Nous continuons d’appliquer aux réseaux sociaux les règles d’un Internet d’un autre siècle, les hébergeurs se comportent comme des éditeurs. Facebook, X, TikTok ou Instagram sont toujours considérés comme de simples hébergeurs : juridiquement, ils ne seraient pas directement responsables des contenus publiés.

Ce statut n’est plus adapté, car il correspond à une époque où l’hébergeur se contentait de stocker des données sans en connaître le contenu.

En 2025, la réalité est toute autre. Les plateformes choisissent, hiérarchisent et diffusent les contenus selon des critères algorithmiques. Elles ne se contentent plus d’héberger : elles éditent. Appliquer le statut d’éditeur à ces géants les rendrait responsables de chaque publication, une mission impossible à cette échelle.

Il faut donc inventer un statut intermédiaire : celui d’un « hébergeur responsable ». Mais pour l’instant, ce cadre n’existe toujours pas.

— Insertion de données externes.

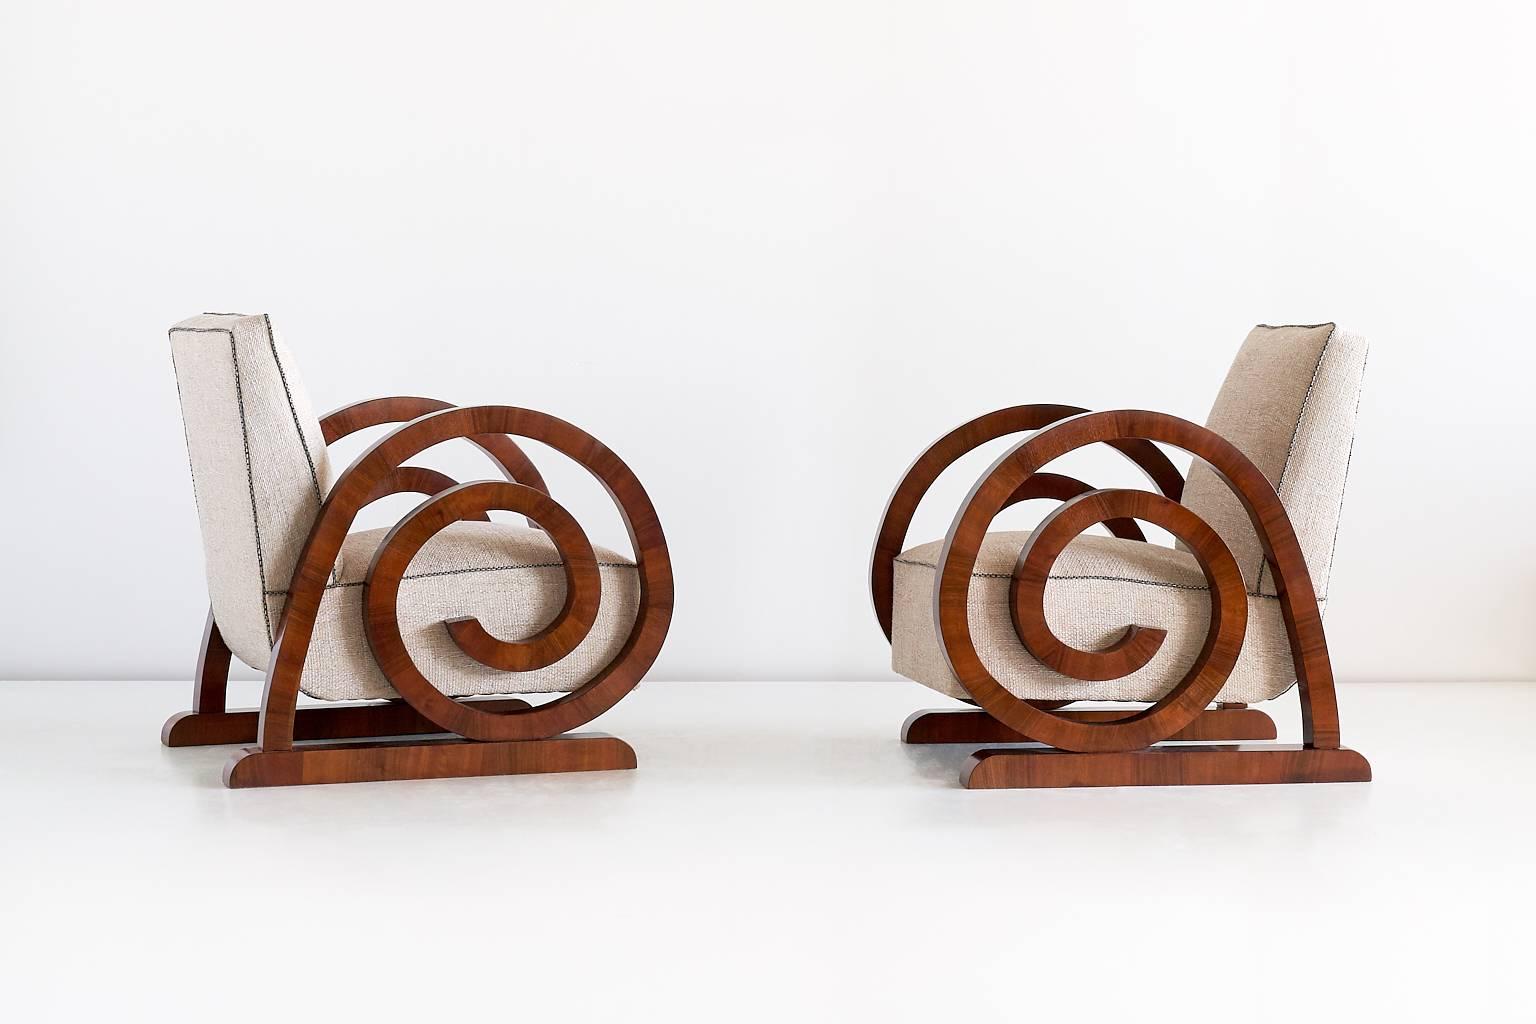 This extraordinary pair of Art Deco armchairs was produced in France in the 1930s. The dramatically curved arms are a modern interpretation of the "escargot"- or shell-motif that was prevalent in earlier French furniture periods. The

Le DSA : une arme européenne encore inoffensive

L’Europe a voulu réagir avec le Digital Services Act (DSA). Sur le papier, le texte promet transparence, modération et responsabilité. Dans les faits, tout reste trop lent.

En France, la levée de l’anonymat est possible, mais prend souvent plus de trois mois. Pour chaque demande, il faut s’adresser à Dublin (Meta), aux États-Unis (Google) ou à la Chine (Tik Tok).
Pendant ce temps, les contenus illicites continuent de circuler, et souvent, derrière les auteurs, il n’y a même pas d’êtres humains, mais des bots ou des algorithmes. Impossible alors de sanctionner.

La fausse promesse de l’anonymat en ligne

L’anonymat total sur Internet est une illusion. Chaque utilisateur laisse des traces exploitables permettant son identification. L’adresse IP, les journaux de connexion ou encore le fingerprinting permettent d’identifier un utilisateur sans cookies, ni collecte directe de données personnelles.

Ces technologies, déjà omniprésentes dans la publicité ciblée, prouvent que la traçabilité en ligne est non seulement possible, mais déjà exploitée à grande échelle. Les plateformes, elles-mêmes, collectent et conservent des informations facilitant la réidentification : adresses e-mail, numéros de téléphone, métadonnées, interactions entre utilisateurs…

Même pseudonymisées, ces données peuvent être recoupées avec d’autres bases pour retrouver l’identité réelle des auteurs. L’enjeu n’est donc pas de « lever » un anonymat inexistant,
mais bien d’adapter nos outils d’enquête et nos procédures d’accès à ces informations.

Une justice trop lente pour un monde instantané

Nos textes ont le mérite d’exister, mais ils ne sont plus adaptés à la vitesse des réseaux. Notre justice reste trop lente pour un environnement où un contenu peut devenir viral en quelques secondes. Il faut des procédures ultra-accélérées, européennes et coordonnées, capables d’agir en temps réel. Tant qu’un juge français mettra 3 mois pour lever l’anonymat d’un compte pendant qu’un algorithme en crée 1 000 autres, notre souveraineté numérique restera une fiction.

Le DSA constitue une base solide, mais sans rapidité, il n’aura aucun impact. Et sans volonté politique, il restera une belle idée sur le papier.

Aujourd’hui, une action en diffamation devant la 17e chambre correctionnelle de Paris dure 12 à 18 mois en première instance, et jusqu’à 2 ans devant la Cour d’appel. Des délais incompatibles avec l’instantanéité des infractions numériques : cyberharcèlement, haine en ligne, diffamation, deepfakes

En tant qu’avocat en droit de la tech, je le constate chaque jour : notre droit n’est pas dépassé par la technologie, il est ralenti par la lenteur de nos procédures, même si le pôle cybercriminalité a le mérite d’exister.

5 pistes pour un droit numérique efficace

  1. Lever l’illusion de l’anonymat en ligne, en adaptant les moyens d’enquête aux réalités techniques actuelles.
  2. S’inspirer du droit de la presse pour encadrer l’identification des auteurs de contenus numériques.
  3. Adapter la procédure afin de permettre une identification plus rapide et plus efficace des auteurs d’infractions en ligne.
  4. Réduire les délais de traitement judiciaire, inadaptés à la viralité et à l’impact immédiat des infractions numériques.
  5. Étendre la certification des comptes, pour renforcer la confiance et limiter les abus.

Conclusion 

Les outils existent, ce qu’il manque, c’est la vitesse d’exécution et le courage politique pour adapter notre droit à la réalité numérique.

Les réseaux sociaux ne sont plus un espace de liberté absolue : ils sont devenus un espace de pouvoir. Et tout pouvoir sans responsabilité finit toujours par menacer la démocratie.